If it were possible to sum up the key preoccupations of 2011 in just a few words, for me, they would be ‘fairness’ and ‘democratisation’. 

At the macro-economic level, the climate has got steadily worse as the Eurozone crisis has deepened and economists increasingly start to warn of a double-dip recession. 
This situation has contributed to the UK’s worst unemployment rate for 17 years, with young people being particularly badly hit and the spectre of a ‘lost generation’ of workers being raised – with all of the potential for future social unrest that such a scenario implies. In fact, we had a taster of what it might look like in August when the UK was gripped by its worst riots in 25 years.
But unrest has taken other forms too. Many public sector workers have expressed themselves unhappy at the Coalition Government’s austerity measures of which they feel that they have had to bear a disproportionate brunt – at the same time as bankers appear to be enjoying rising pay and bonuses again.
The final straw for most, however, were Government attempts to change long-standing pension arrangements, coming as the move did on top of widespread wage freezes, changes to pay and conditions and seemingly endless streams of redundancies – in the wake of reductions in the overall value of redundancy packages anyway.
The end result of such disillusionment was a day of national unrest on Wednesday 30 November. 
But, while private sector workers may have been less militant, job losses, pay squeezes, increased workloads and high stress levels here too have all taken their toll, contributing to disenchantment, low levels of employer loyalty and elevated sickness absence rates.
No wonder then that topics such as how best to boost staff engagement, cultivate employee resilience and undertake effective change and performance management have been on most HR professionals’ lips.
But other matters relating to fairness have also been high on the agenda. 
For example, the pay gap between the UK’s highest and lowest paid is now hitting unprecedented levels. Hikes of 4000% in the pay of some top FTSE executives over the last 30 years as the average wage of workers has only trebled, has consistently raised questions about whether such individuals provide value for money – particularly in a down economy and especially when their renumeration does not reflect company share price growth.
Issues of gender diversity, which include Lord Davies’ report on how to boost female representation at board level – and the limited progress of his recommendations to date – have likewise rarely been out of the headlines, bringing about talent management headaches that will only continue to reverberate into both the near and more distant future.
But sex discrimination is not the only topic to have generated attention over the last 12 months.

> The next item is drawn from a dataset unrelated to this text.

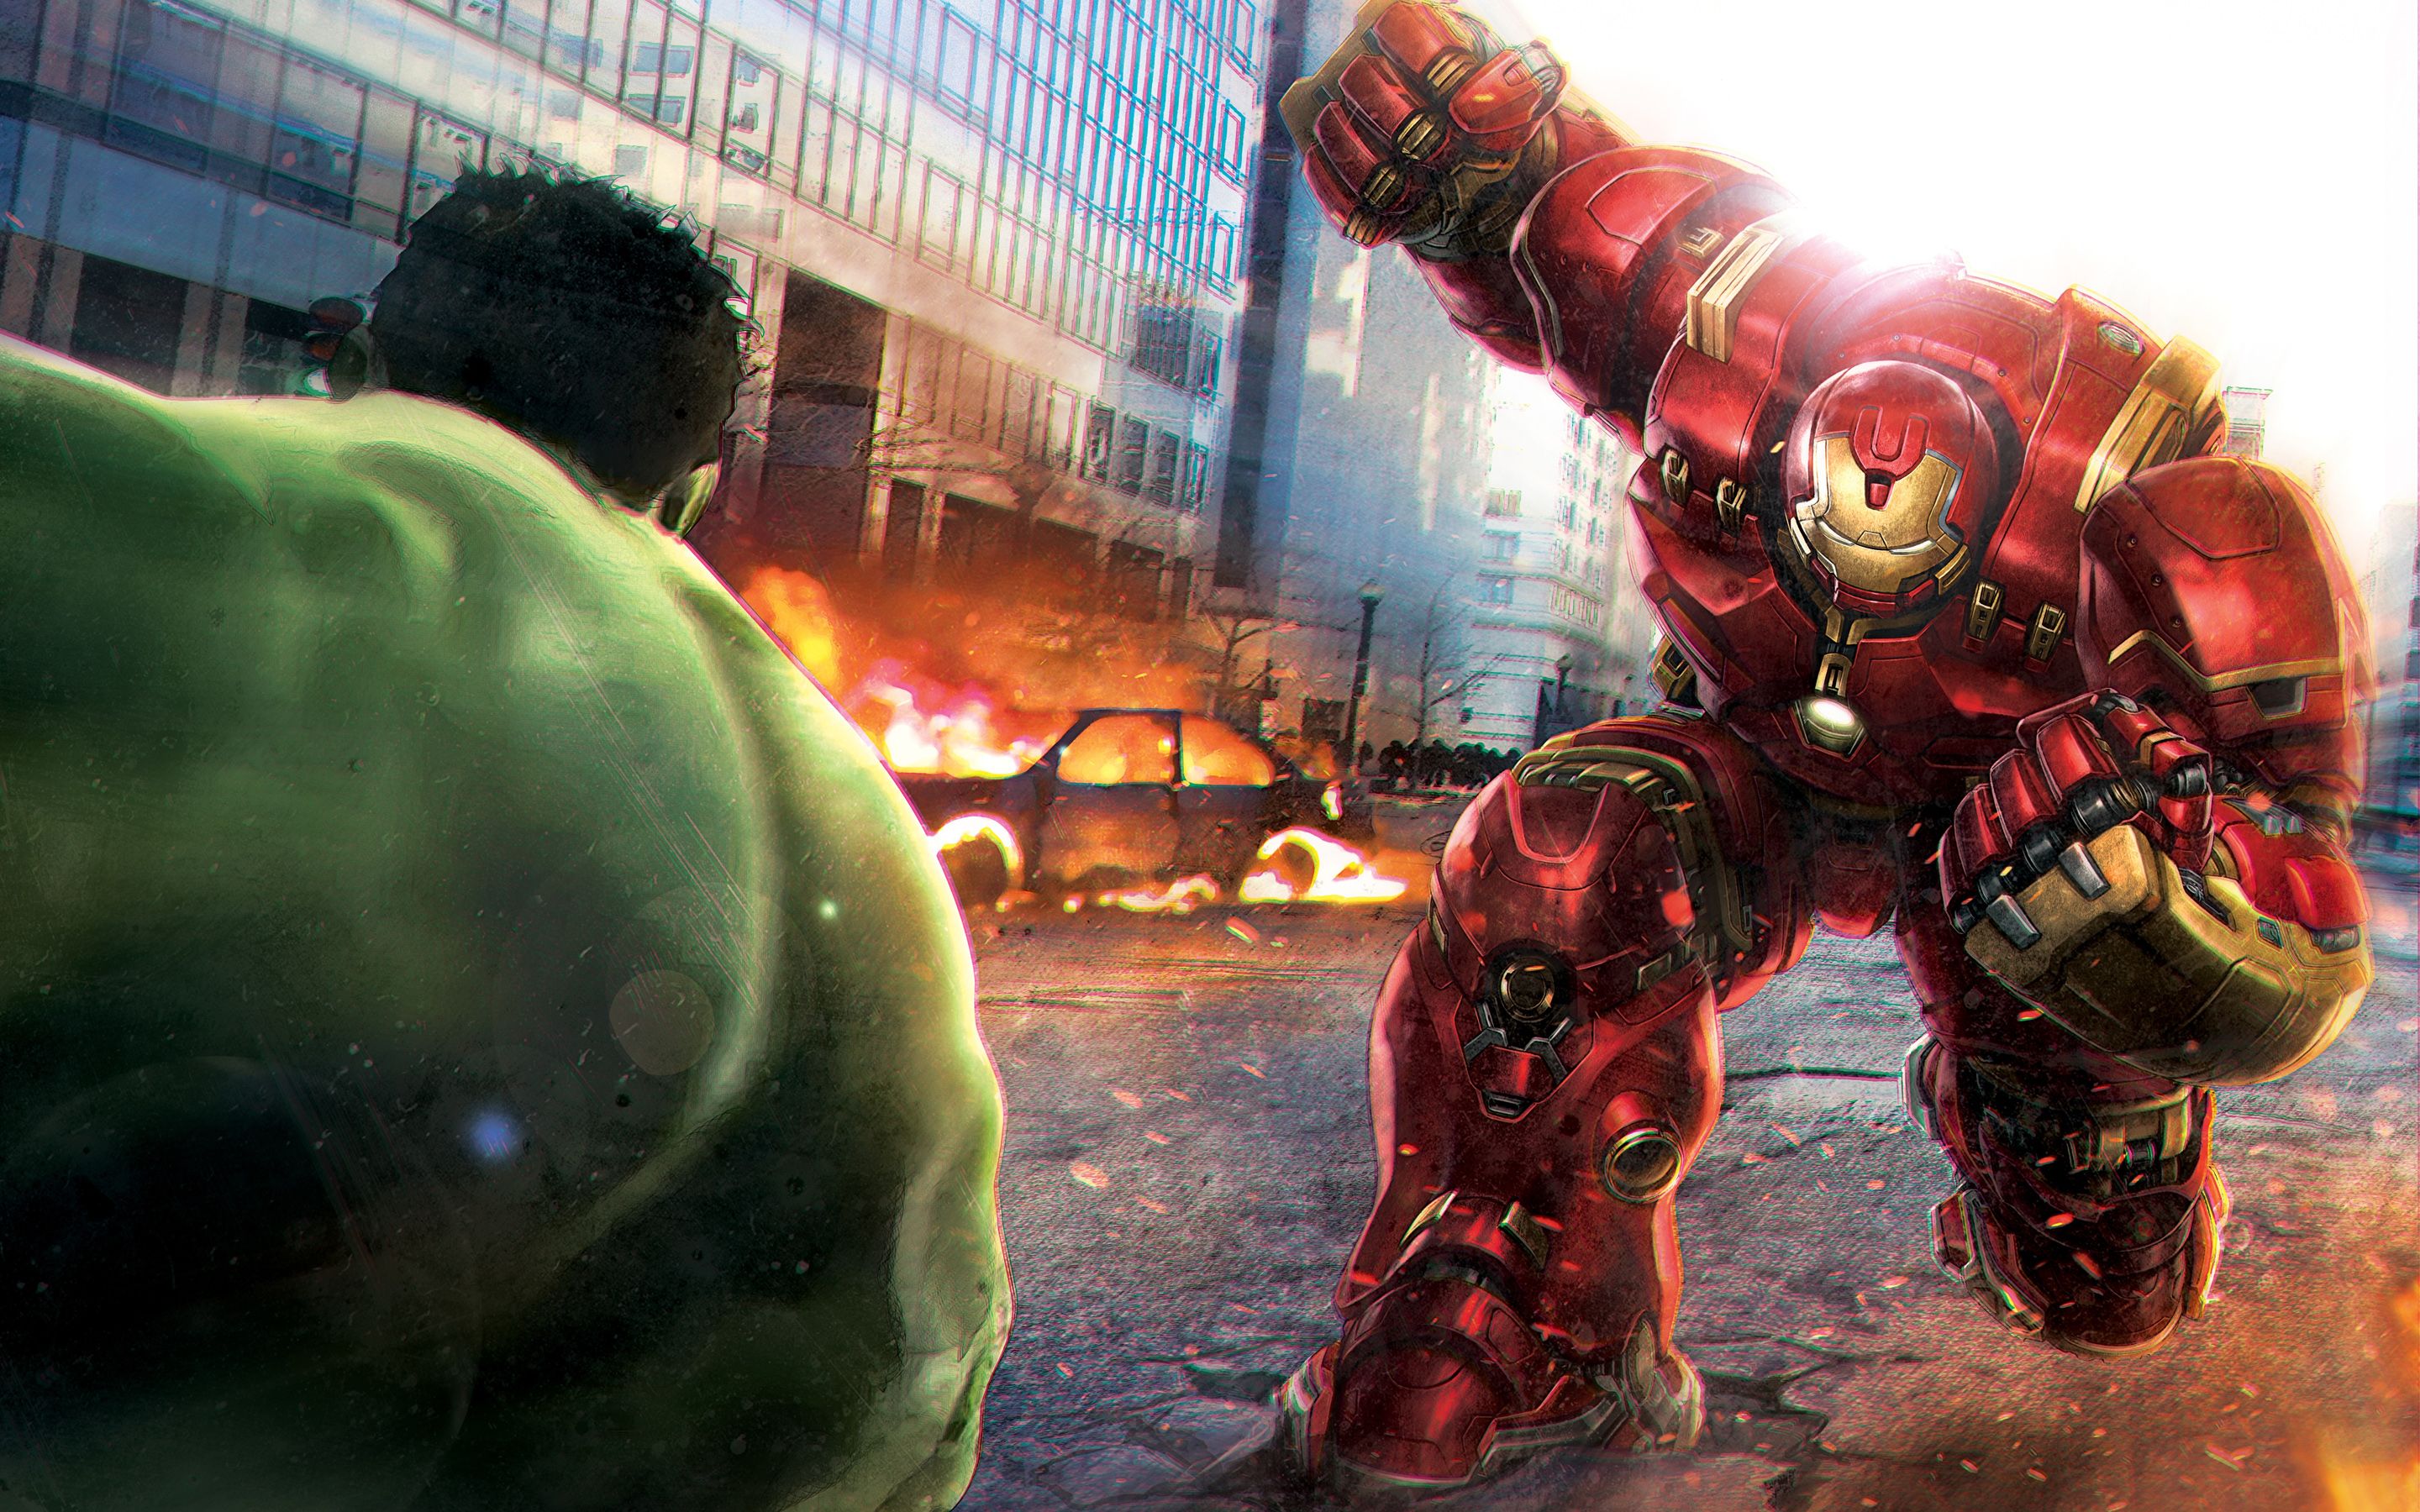 Hulkbuster 4K wallpaper for your desktop or mobile screen free and easy to download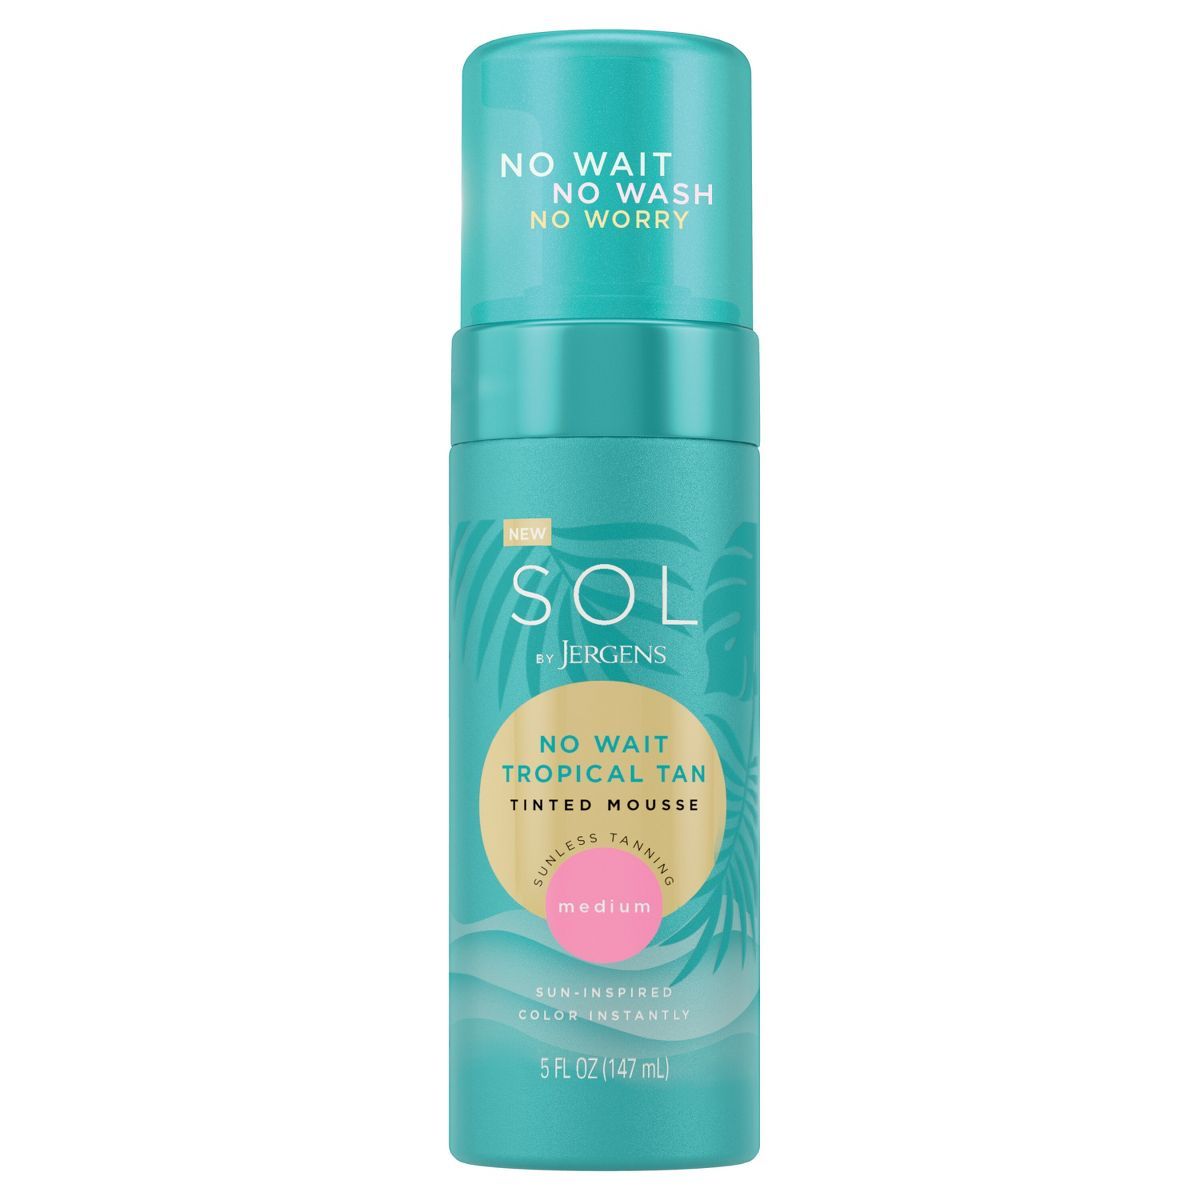 SOL by Jergens Tinted Sunless Tanning Mousse - 5 fl oz | Target

While 2011 was the year of religious discrimination claims, particularly in relation to workers’ rights to wear such symbols of their beliefs as crucifixes, 2012 is likely to be characterised by legal action relating to age discrimination following the abolition of the Default Retirement Age.
Given the current economic climate and the fact that fewer and fewer staff can now afford to retire, HR departments are also going to have to find ways of managing increasingly mixed workforces, often with very different requirements.
A key challenge in this context will simply be catering adequately to the needs of older staff, which will often be quite different to those of the emergent Generation Y as its members increasingly begin entering the workforce. 
While the former are likely to demand both physical support and progressively flexible ways of working, the latter, who have grown up with the internet at their fingertips, simply look at the world differently. 
Millennials, so the characterisation goes, are ‘digital natives’ and inherent multi-taskers, who want things done immediately and have higher expectations of both relationships and services than their older colleagues.
No wonder then that social media – their signature tool, with its democratising effect on both information and personal interaction – was a massively hot topic last year. 
But from an HR perspective, the debate moved on from whether access to social networking sites should be allowed or whether usage should be restricted or even banned, to how HR professionals might start to exploit such tools for their own ends.
While social networking sites such as LinkedIn became de rigueur for recruitment purposes, voices also started to be raised about the possibilities of employing more sophisticated concepts such as online communities for the same purpose. 
The first understandings likewise started to emerge about how enterprise social networking tools might be employed effectively to fulfil collaboration, information-sharing and knowledge management goals – although the debate here was controlled and driven less by HR and more by colleagues in marketing and internal communications departments.
While grasping the nettle is likely to pose a key challenge for HR professionals over the year ahead, it also opens up a world of opportunities to demonstrate value as the business attempts to exploit the growth potential offered by this new channel in a bear market. 
As those ageing rockers Motley Crue once said: “You better use it, before you lose it. Don’t throw it away.”
Cath Everett, Editor, HRZone

One Response

  1. HR – A Motley Crue


    Nice to see Motley Crue quoted in here and I very much agree with the sentiment of the article – I recently presented to the CIPD Senior Practitioners group and you pretty much sum up the mood.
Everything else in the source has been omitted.